Taken at face value, it may seem like the humans in the video were outdone by the AI, but experts say it's unclear whether this is a true test.
“We don't know what was going on,” Anders Sandberg, a senior research fellow at the Future of Humanity Institute at the University of Oxford, told Live Science. “The answer was simple, but that doesn't mean it's human. It raises the question of how much of this was staged.

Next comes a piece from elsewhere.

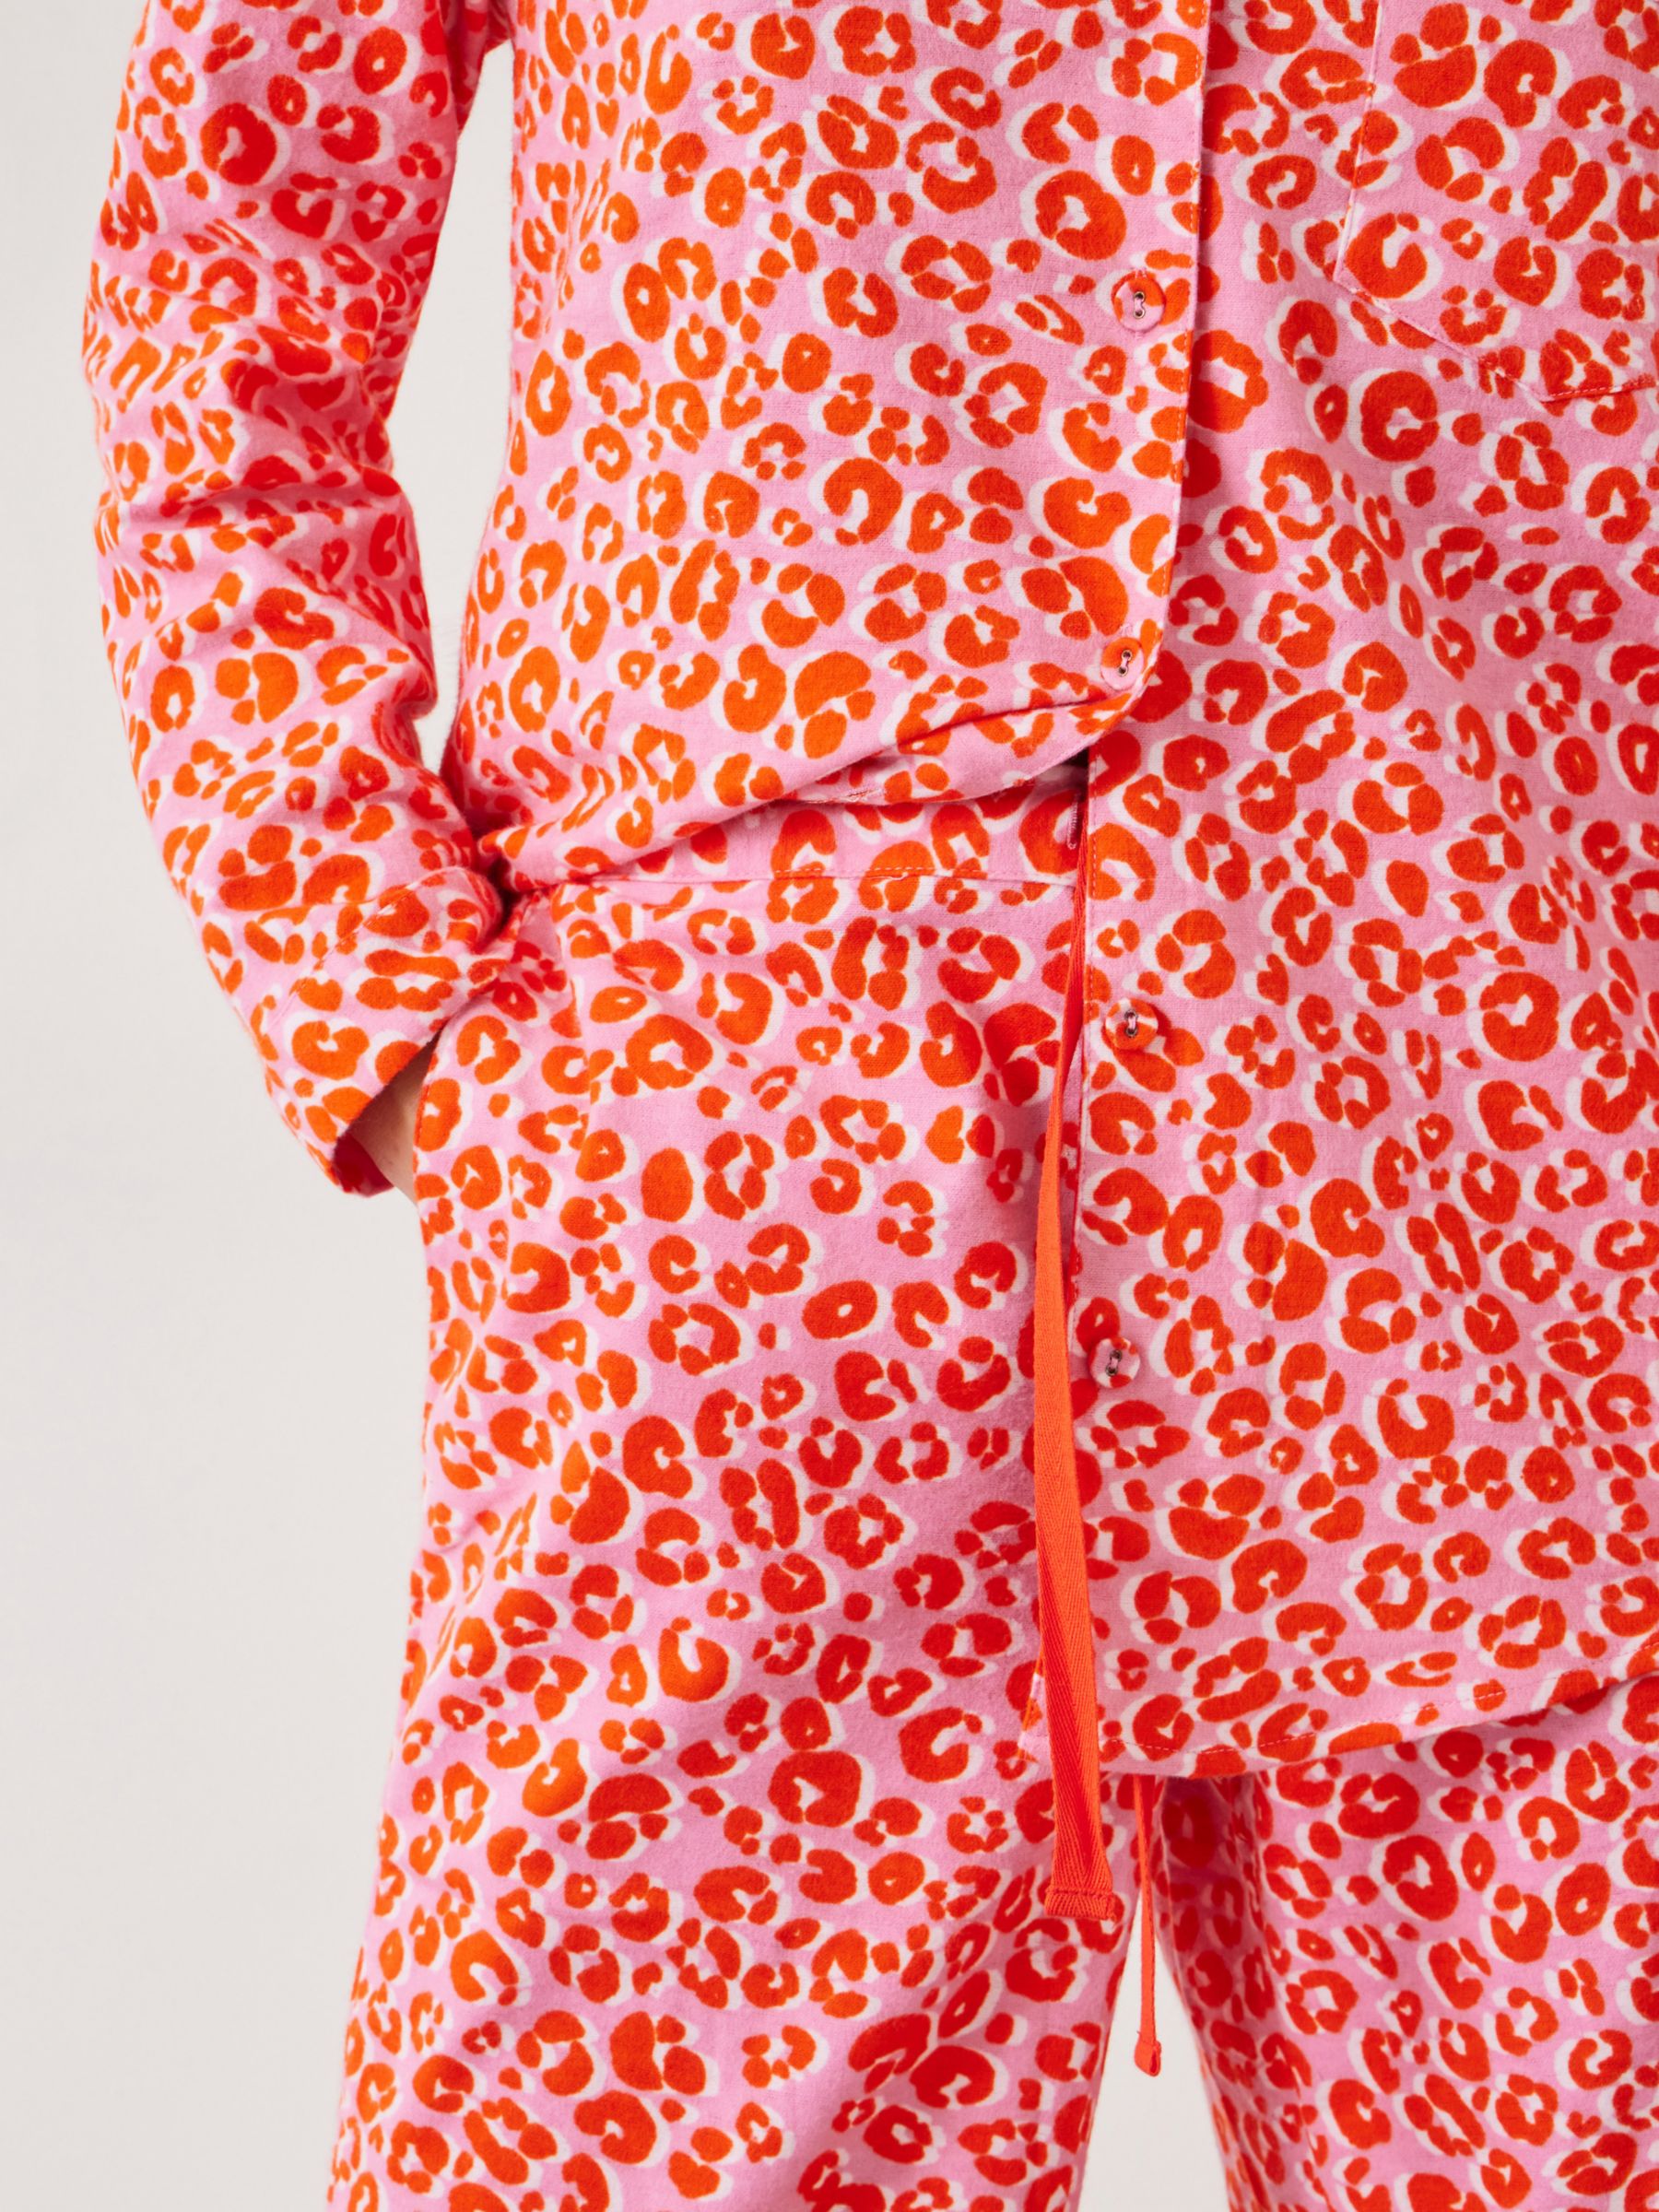 Buy HUSH Liv Leopard Print Shirt Pyjama Set, Pink Online at johnlewis.com
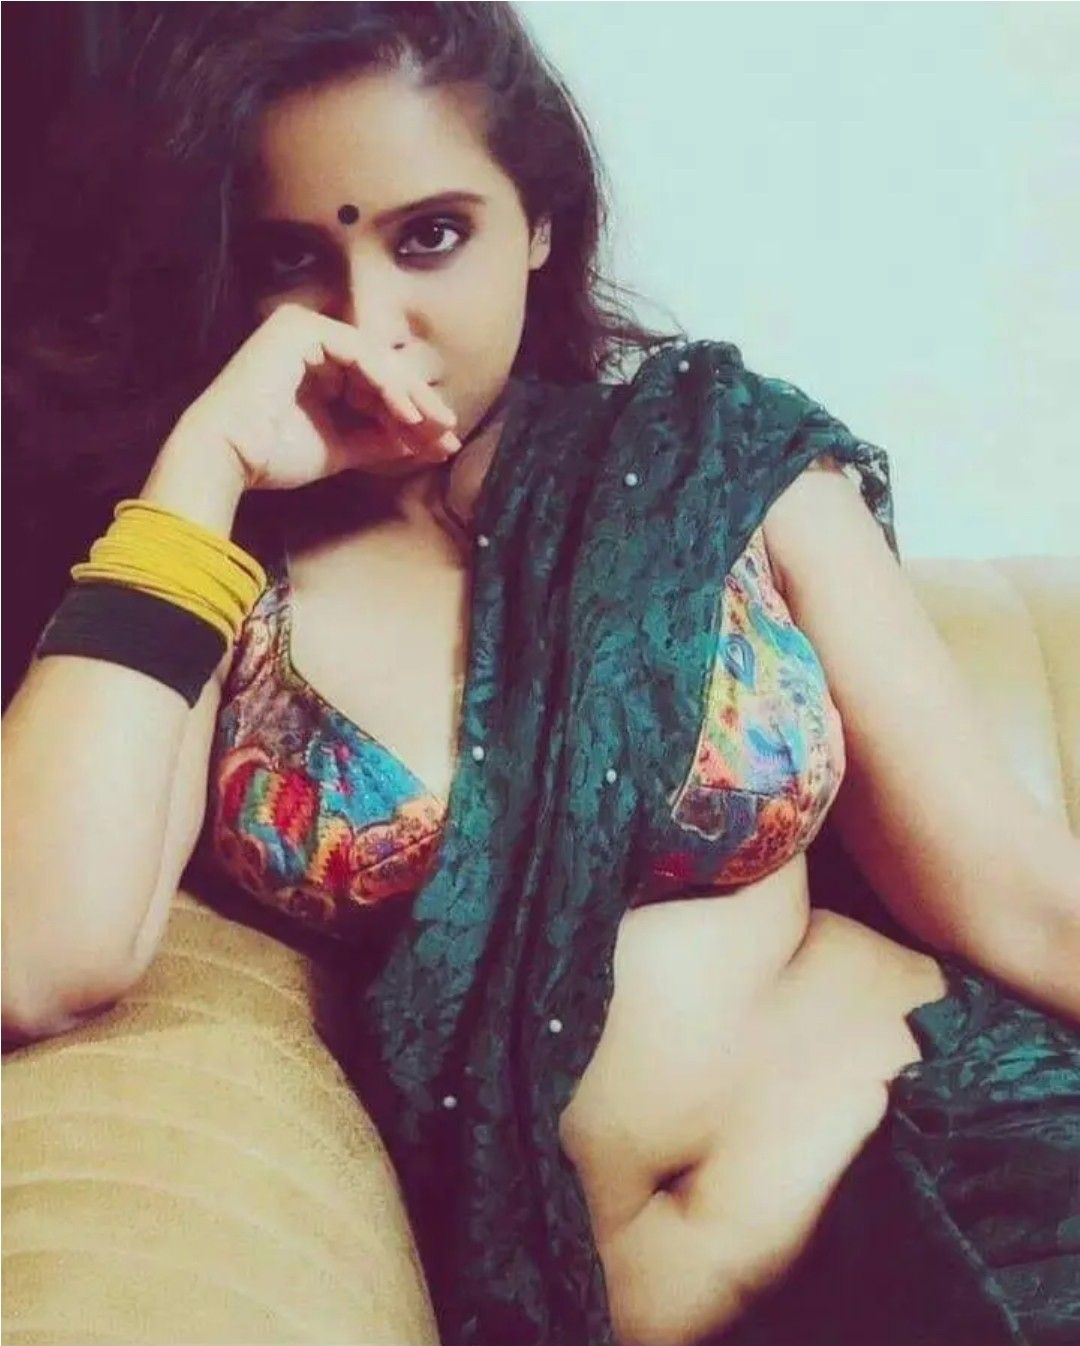 Black  saree Lover| Saree Lover|Sexy Saree |Sexy Bhabhi |Bhabhi Lover's |Bhabh

It's a funny video, but it's unclear how much of it was cherry-picked to make a good video.”
Sandberg suggested that the lack of clarity of the reverse test might stem from the Turing test itself: “Over time, people have come to use it as a kind of gauge, but most serious thinkers realize that it's not really a good test; it has too many variables, too much that requires interpretation,” Sandberg said. “Still, it's instructive that so few other tests are open enough to apply to the thorny problem of intelligence.”
Assessing intelligence is a difficult problem even among us humans, and Turing's proposal was a thought experiment not about the actual intelligence of a machine, but rather about how humans might perceive it.
“As I tell my students, there is no one 'I' in 'AI' and there is no consensus on the definition of intelligence — it varies depending on the perspective: anthropological, biological, cultural, gender, scientific, etc.,” Huma Shah, an assistant professor of computer science at Coventry University who researches machine intelligence and the Turing test, told Live Science.
“Turing's Imitation Game looks at question and answer/conversational ability, but there are many components behind language ability. When it comes to machines, what machine intelligence do we want to test?,” she says. “For example, is it a care robot that requires emotional skills and cultural knowledge to look after elderly people in Japan, or is it a self-driving car in Phoenix, Arizona? What skills of AI or robots do we want to test?”